Something else to consider is width. If I am remembering correctly the boss plow is 6” wider than the western which was another reason I went to western cause we Squeeze them into places.

Something else on edit I should note is we take them off the kubota when we salt and only put them on when we plow. That system seems to be pretty good and easy but it does take 2 guys to do it without pushing the plow against something.


----------



## dieselfuel007 (Jan 27, 2019)

I won’t be salting cause it’s going to be residential and width doesn’t matter in your opinion were your electrical problems due to salt use I think the kubota plow is near 7000.00 so cost is an issue with it


----------



## MeTurf (Jan 26, 2019)

We run the BOSS V on a John Deere 825i Gator. 4 years no issues. Very reliable plow. Easy to take on/off.


----------



## sns250 (Oct 28, 2009)

I don’t know how salt could have anything to do with modules and controllers going bad. Maybe you could make a case for the wording harness if the plug got corroded, but even that’s a stretch. We spread thousands of tons with out trucks and don’t have the issues that these do. 

When not in use the plows are stored in shipping containers out of the weather and separate from any salt.

You don’t need to get the K connect system for the kubota plow, they also make one that is electric over hydraulic just like the western and boss for around the same price point.


----------



## dieselfuel007 (Jan 27, 2019)

Tell me what makes you like the kubota plow better I just want to make a informed decision cause I’ve never seen any of these in person so far it sounds like I’m going to pass on a western does someone make the kubota plow for them


----------



## dieselfuel007 (Jan 27, 2019)

well i just looked at some pics of the kubota blade and i don't like the fact that you have to remove the bumper looks like i'm probably ordering a boss unless something changes


----------



## sublime68charge (Dec 28, 2007)

Dieselfuel,

I cant comment on boss vs western at all.

My Dad has a Kubota 1100 with a SnowDogg V and its been fine for the 2 years he has used it.

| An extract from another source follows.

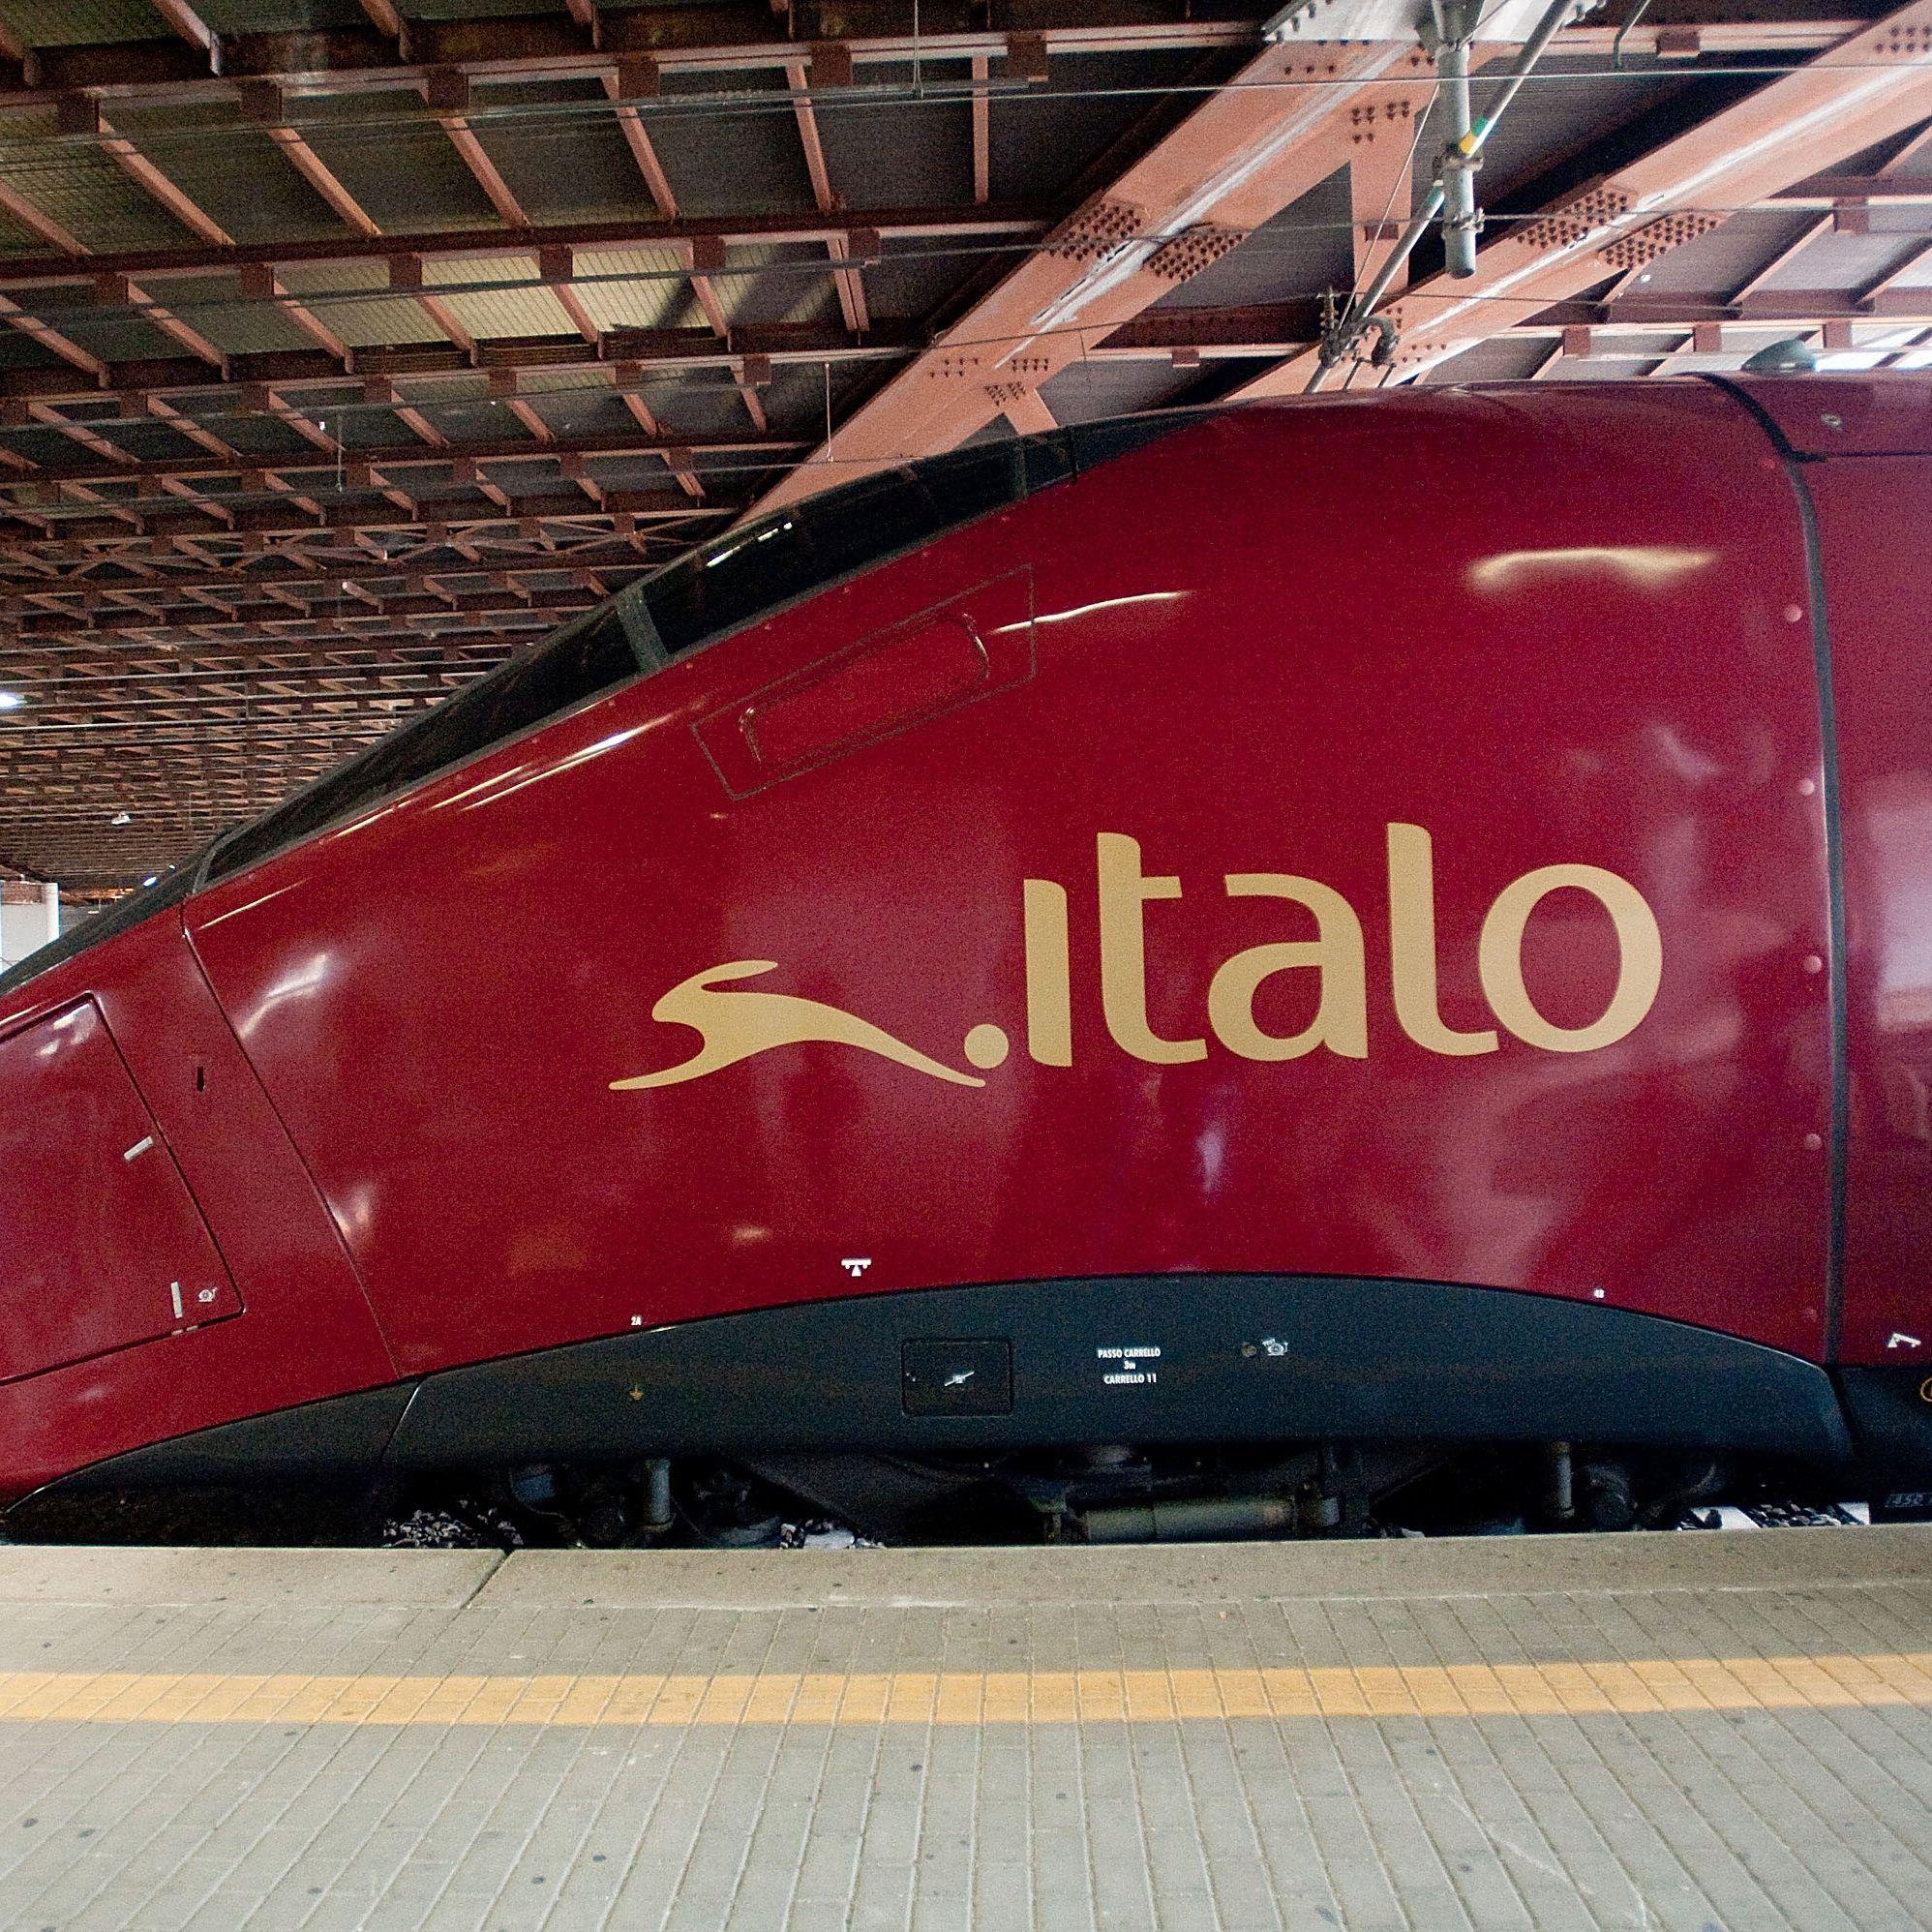 Wondrous Italys Private High Speed Rail Line Italo Beatyapartments Chair Design Images Beatyapartmentscom

Had a super cold spell and I needed to widen my drive out after it drifted and I borrowed his setup instead of freezing on my ATV plow setup.









close up of the snowdogg









and then the bank I was pushing back,
Temp was in the Minus teens and nice and warm plowing in this setup.


----------



## cjames808 (Dec 18, 2015)

Niceee. Probably can’t go wrong with western or boss for that.


----------



## abbe (Sep 8, 2009)

I have an 1100 RTV with the Boss V and it is amazing. Eats up sidewalks for us.


----------



## zap6 (Jun 25, 2020)

We're in the process of buying the RTV-X1100C with a Boss V-Plow, the plow will come in with their fall order.

Hopefully we have our unit next week. How much snow will these walk through without or with chains on the back?

If I should start my own thread, let know.


----------



## Mark Oomkes (Dec 10, 2000)

I had the Boss on my Gator 855 (I think). It was the best part about the entire setup. Never had an issue with the plow, lots of issues with the Gator.


----------



## EWSplow (Dec 4, 2012)

Mark Oomkes said:


> I had the Boss on my Gator 855 (I think). It was the best part about the entire setup. Never had an issue with the plow, lots of issues with the Gator.


I have a boss v plow on my "UTV", no problems other than bending a push frame when I hit a Subaru. 
I do however like the idea trip edge on the western.


----------



## Mark Oomkes (Dec 10, 2000)

Mark Oomkes said:


> I had the Boss on my Gator 855 (I think). It was the best part about the entire setup. Never had an issue with the plow, lots of issues with the Gator.


Correction, it was an 825.


----------



## zap6 (Jun 25, 2020)

sublime68charge said:


> Dieselfuel,
> 
> I cant comment on boss vs western at all.
> 
> ...


Are the springs that come on the front end of the RTV-X1100C the heaviest duty you can get or is there a heavier duty set you need with the Boss plow?

Are the springs that come on the RTV-X1100C heavy duty enough for the Boss V-Plow.


----------



## Mark Oomkes (Dec 10, 2000)

zap6 said:


> Are the springs that come on the front end of the RTV-X1100C the heaviest duty you can get or is there a heavier duty set you need with the Boss plow?
> 
> Are the springs that come on the RTV-X1100C heavy duty enough for the Boss V-Plow.


If the springs on a Gator 825 can handle it, pretty sure the RTV can.


----------



## cwren2472 (Aug 15, 2014)

If weight is a major concern, boss now offers a 5.5' V weighing in at only 245 lbs


----------



## zap6 (Jun 25, 2020)

Thanks for your quick replies, @Mark Oomkes and @cwren2472 .

I think we'll have the RTV this week, just waiting for a call. Once we get it, I'll post a few pictures.

Mike


----------